▶ _What you should do_: Take the lines from the one with "移动互联作品-皇冠现金·北京北三环游戏校区 UI视觉作品" through the end of the material below and repeat them exactly, dropping every picture.

▶ _Dataset excerpt_:
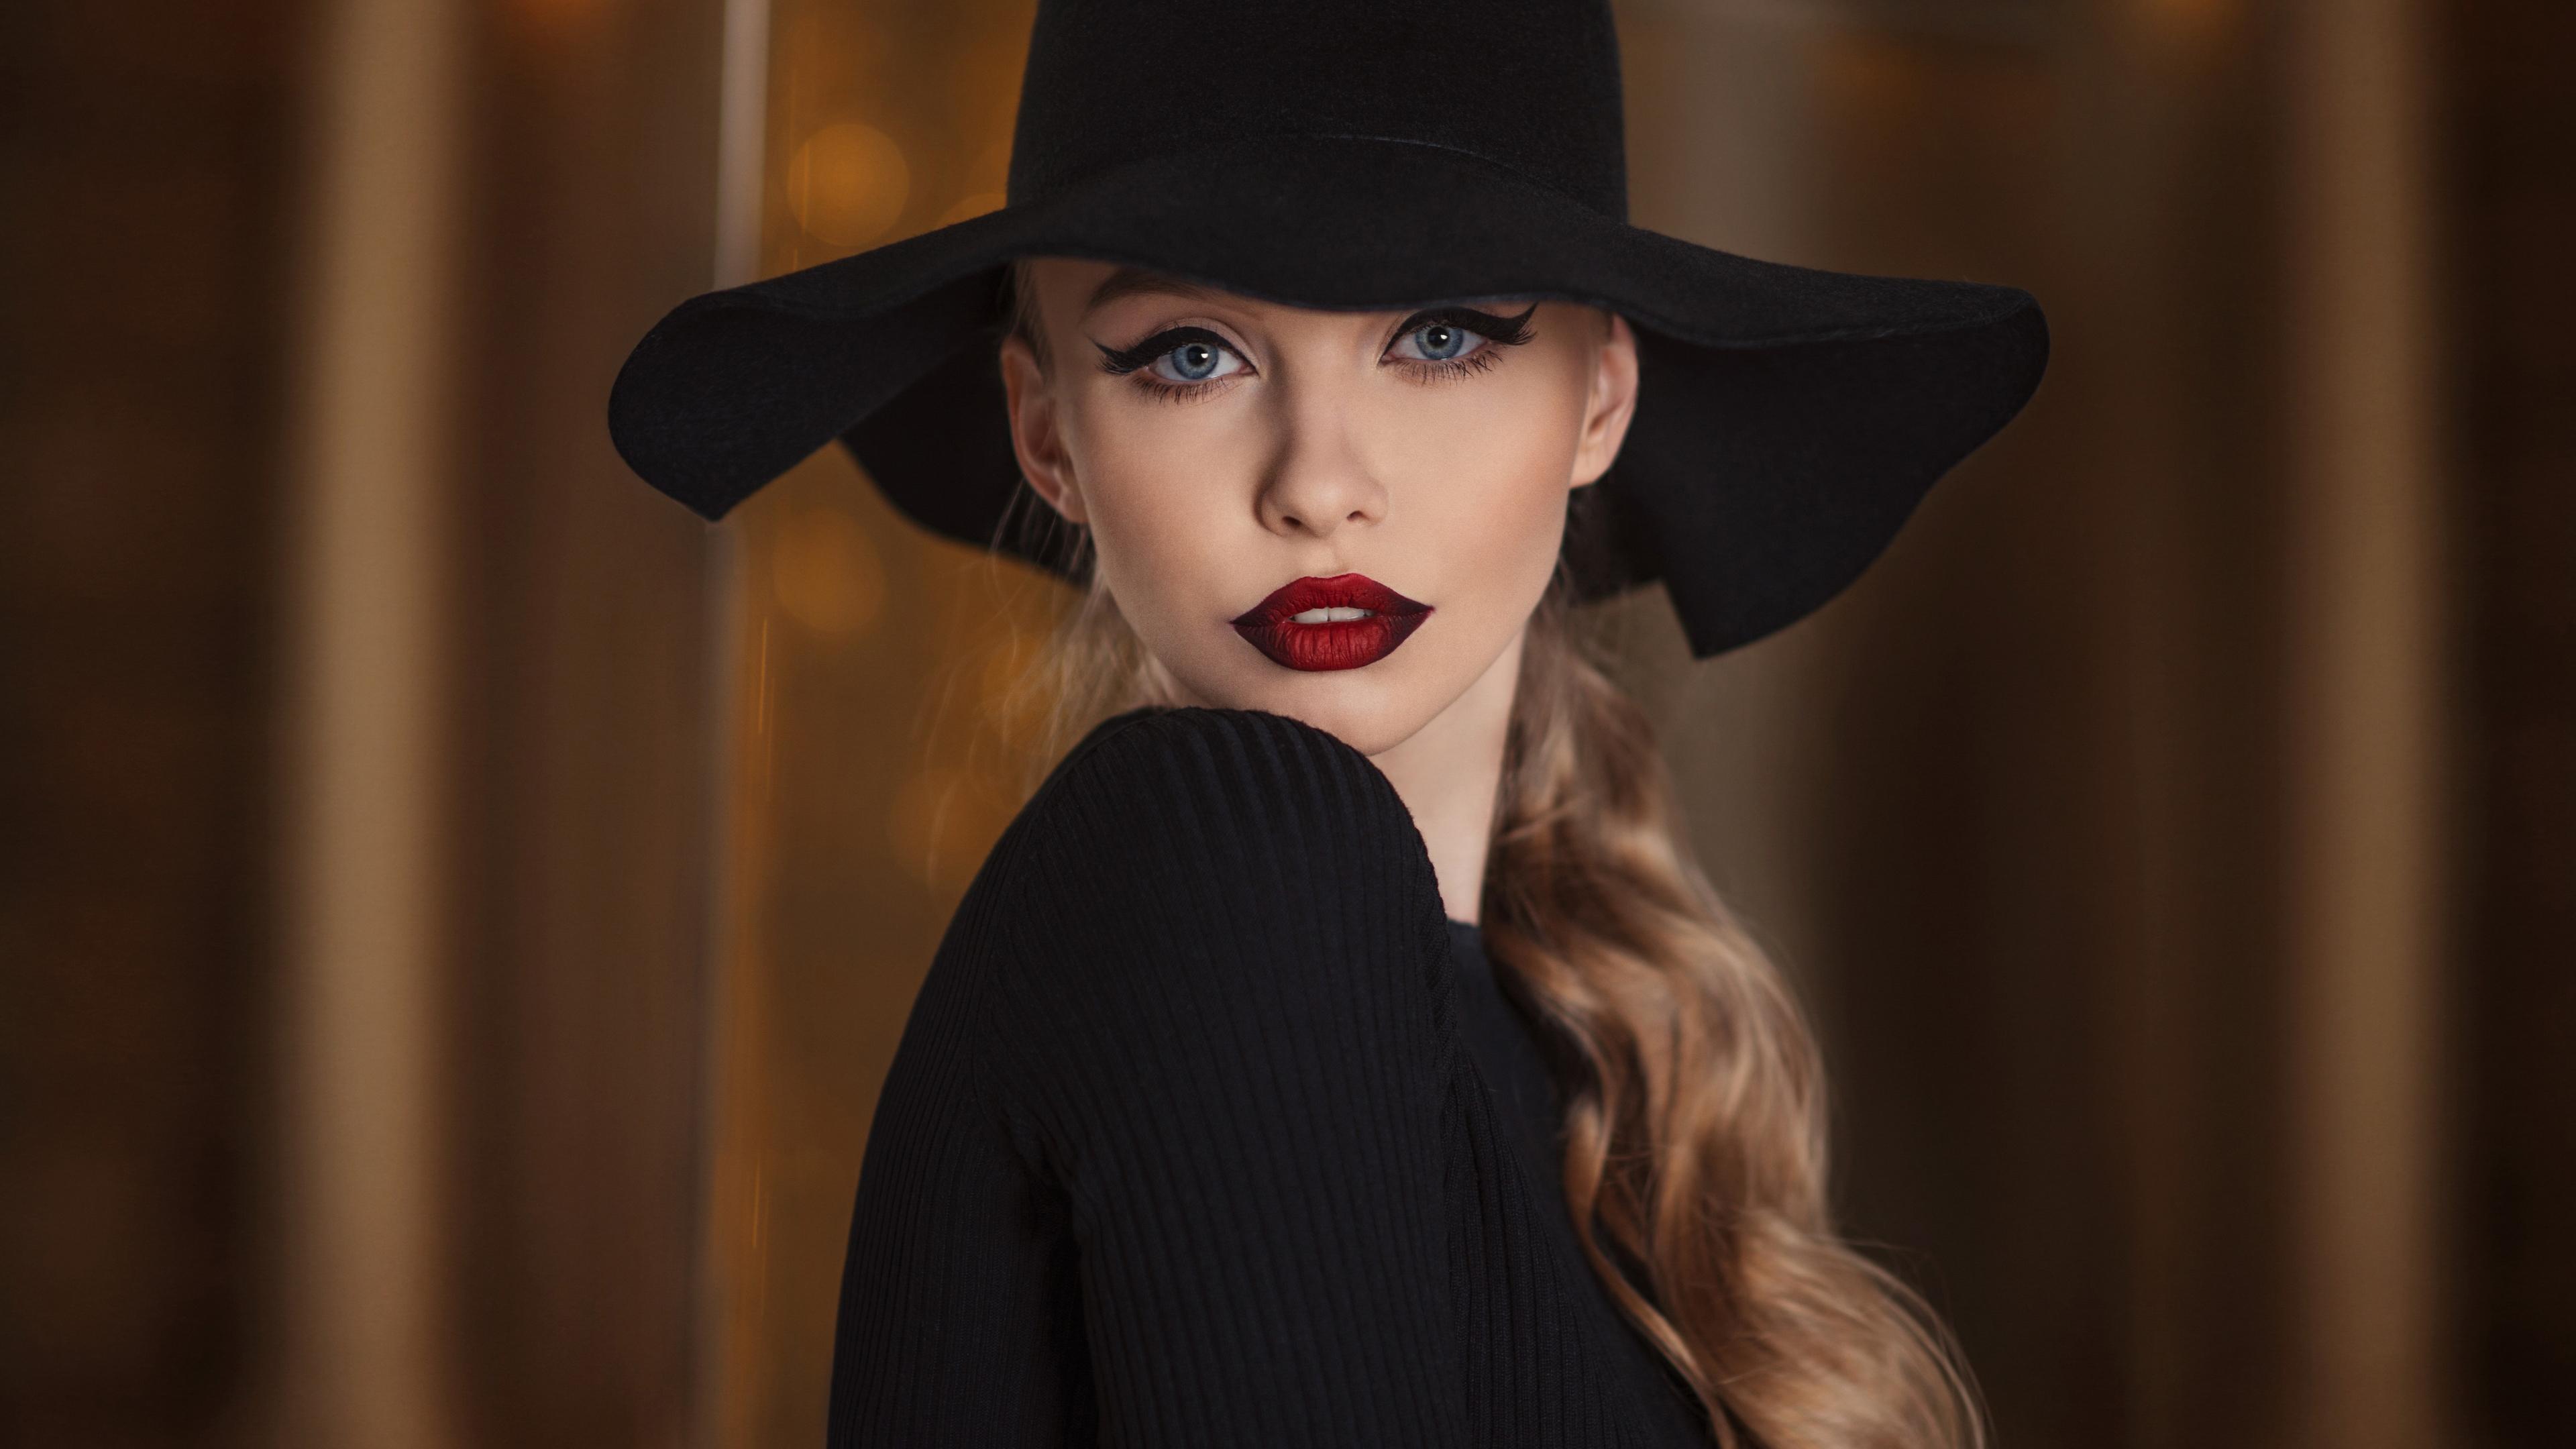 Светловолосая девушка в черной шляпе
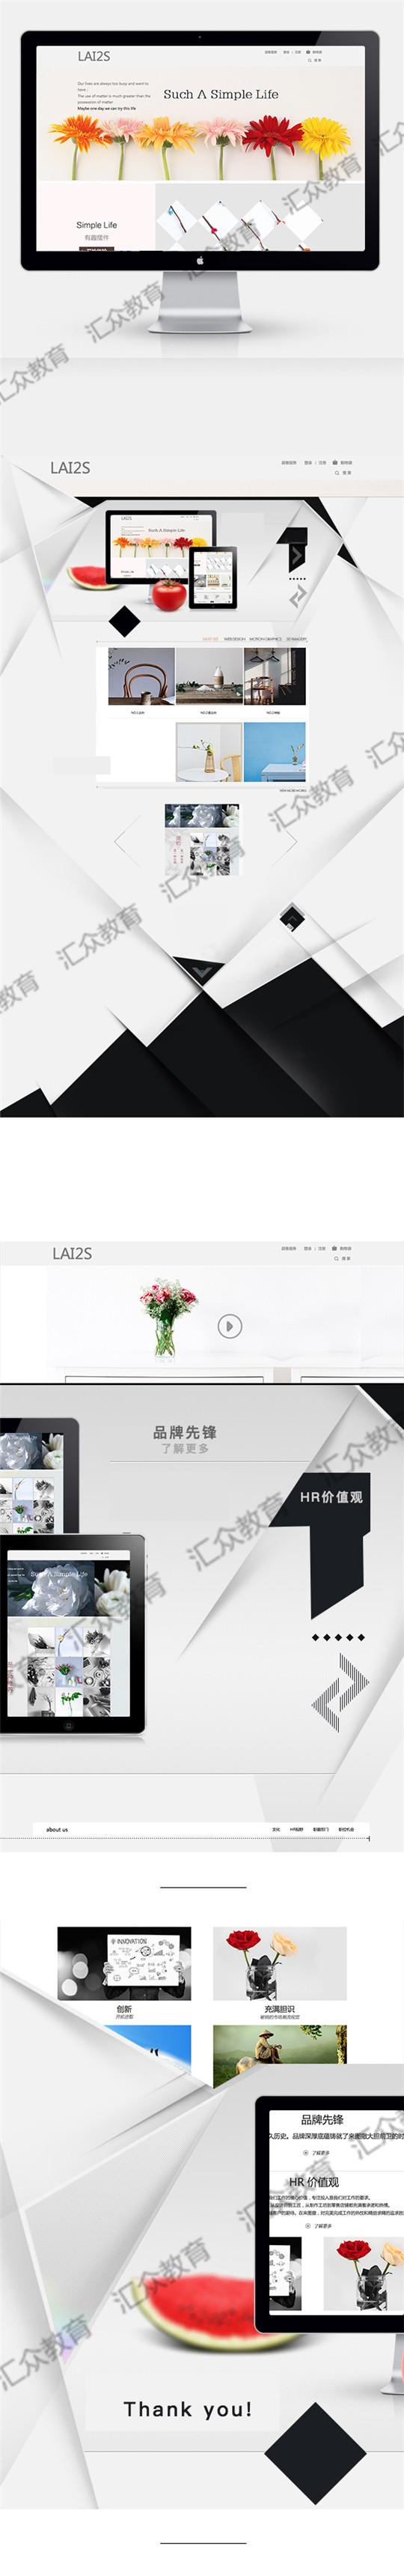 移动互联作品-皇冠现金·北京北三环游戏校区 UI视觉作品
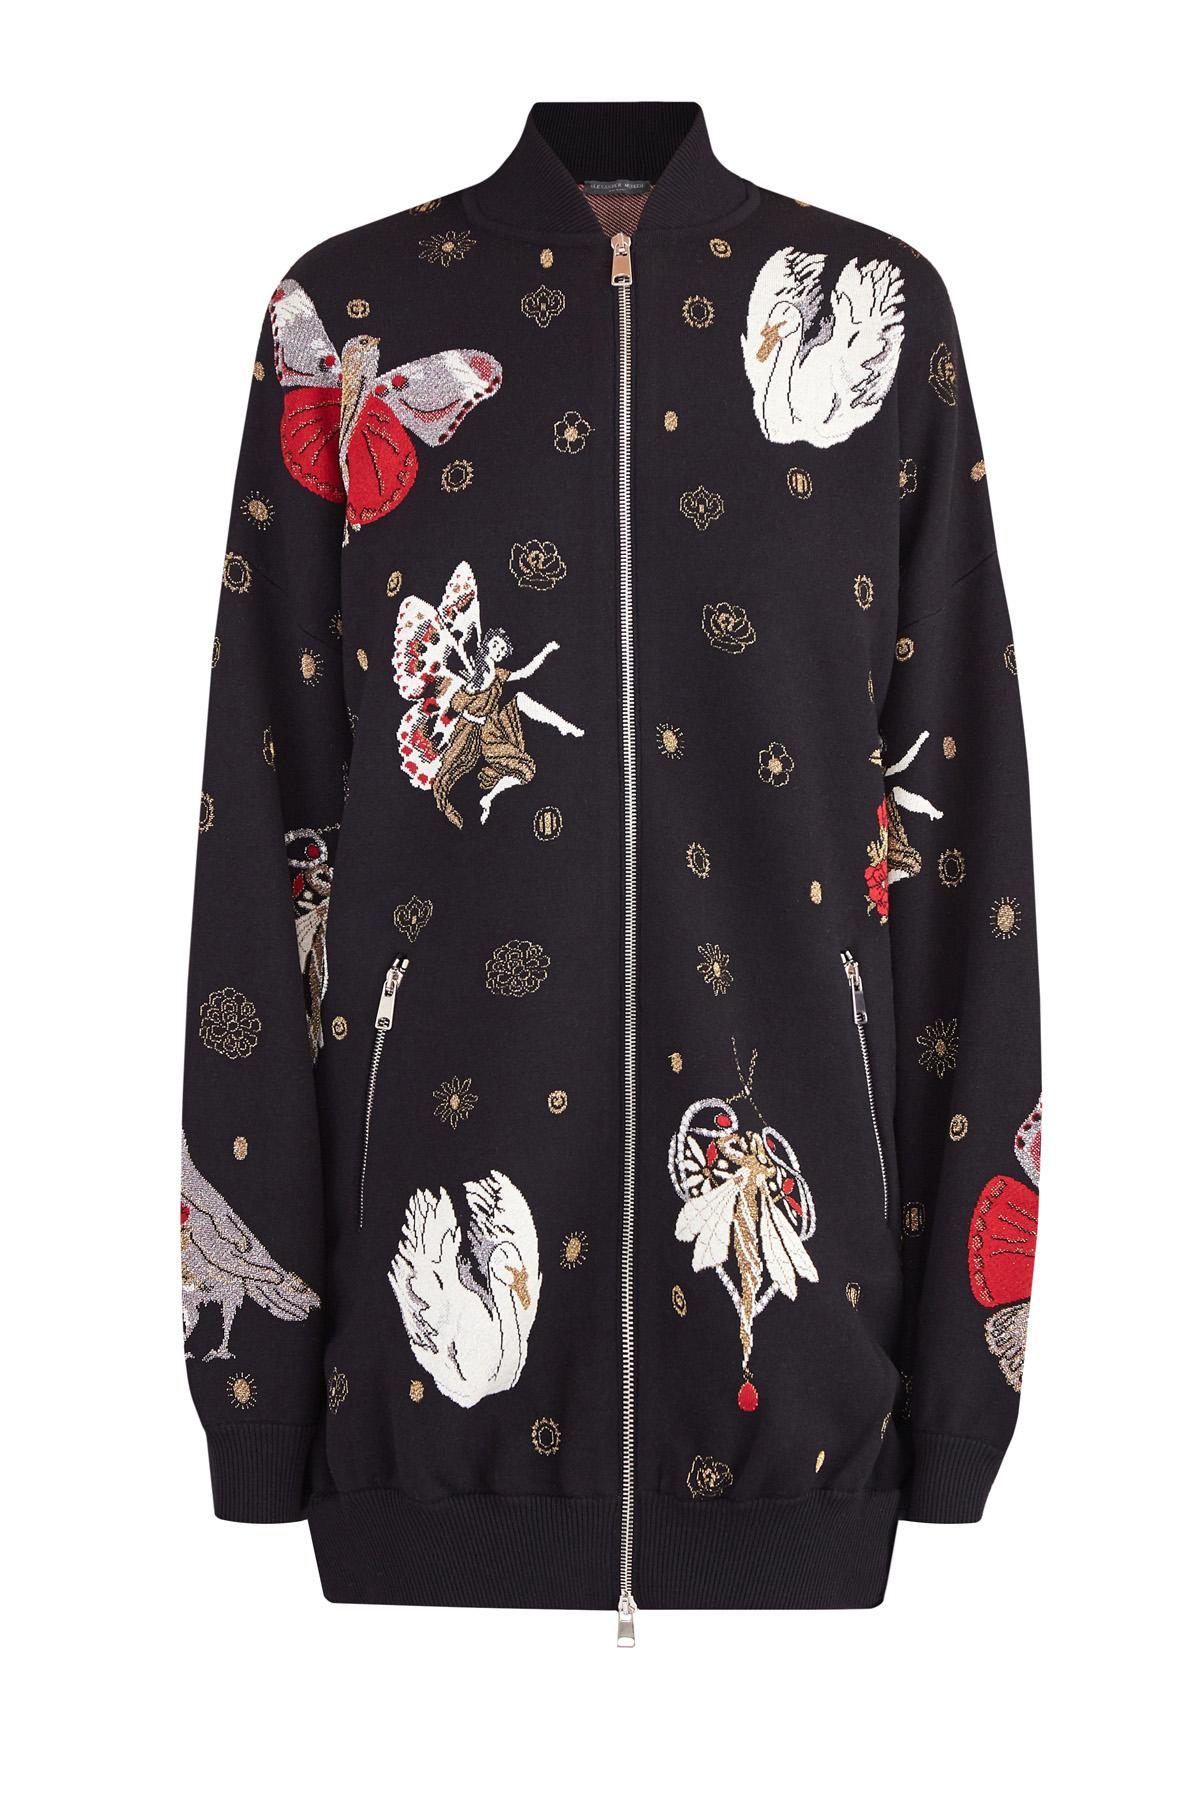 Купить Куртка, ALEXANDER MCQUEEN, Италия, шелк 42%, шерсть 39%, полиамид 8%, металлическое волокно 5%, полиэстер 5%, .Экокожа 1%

▶ _Task response_:
 移动互联作品-皇冠现金·北京北三环游戏校区 UI视觉作品
 Купить Куртка, ALEXANDER MCQUEEN, Италия, шелк 42%, шерсть 39%, полиамид 8%, металлическое волокно 5%, полиэстер 5%, .Экокожа 1%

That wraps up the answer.